LinuxQuestions.org

LinuxQuestions.org (/questions/)
-   Linux - Software (http://www.linuxquestions.org/questions/linux-software-2/)
-   -   awk commands/script to extract lines with a specific format (http://www.linuxquestions.org/questions/linux-software-2/awk-commands-script-to-extract-lines-with-a-specific-format-4175430078/)

oldfogey 10-02-2012 11:42 AM

awk commands/script to extract lines with a specific format
 
Hi. I'm trying to extract lines from a file, each of which are of a certain format. I can write awk commands to do parts of this as individual steps but I'd like to link everything together so I don't have to issue a sequence of individual commands.

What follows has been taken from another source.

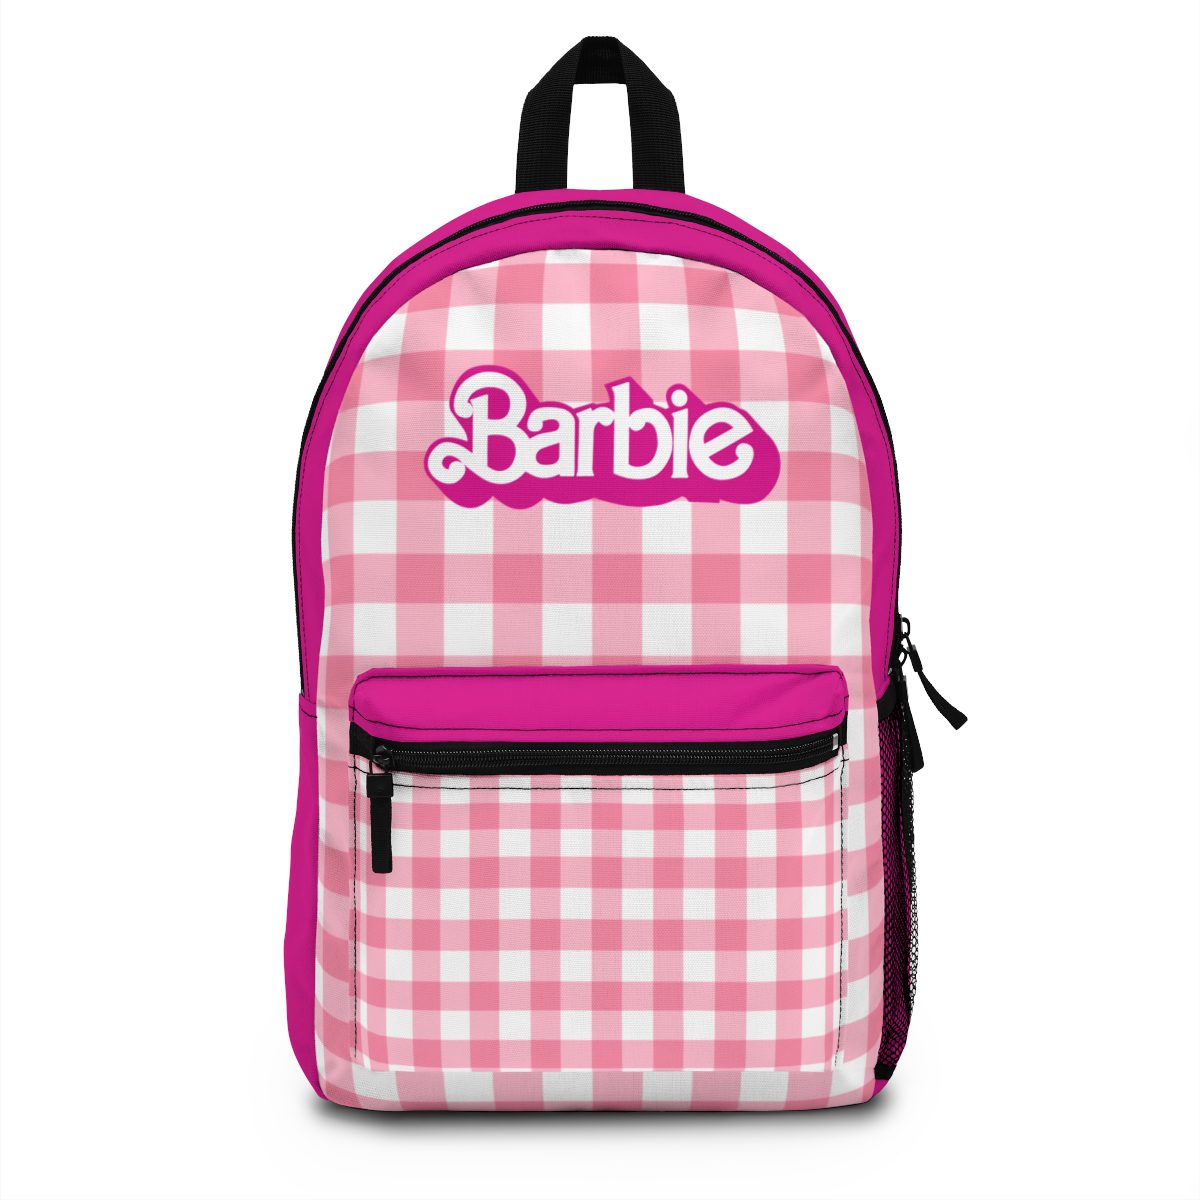 Barbie School Chic: Magenta and White Grid Kids Backpack Cool Kiddo

Here's a sample portion of the input file:

F9JcQEcS21=SQZK6if6mfnA
pc\sender4
Wed12:25:17
abc124
ba1
clp1491
N18471
Tam-port
dd
e.44
flash9
1c-64-94-98-87-11

I'd like to extract all lines from the input file that:

1) only contain alphanumeric characters (all alpha characters a-z being lowercase)
2) the beginning of each line must have a minimum of 2 alpha characters
3) the last character must be a number.

So the properly extracted lines from the sample above would be:

abc124
ba1
clp1491
flash9

Thanks in advance for your suggestions!

kakaka 10-02-2012 01:16 PM

Based on what you show as desired output, it sounds as if you want to output lines that start with a minimum of two lower case letters, end with digits, and contain only lower case letters and digits. Using your example data as input, this command gets the desired output:

Code:

gawk --posix '/^([a-z]{2,})([0-9]+)$/ { print $0 }'

cortman 10-02-2012 01:26 PM

You can also do this with grep-

Code:

egrep "^([a-z]){2}[a-z]*[0-9]*[0-9]$"
then direct the output to a file or xargs.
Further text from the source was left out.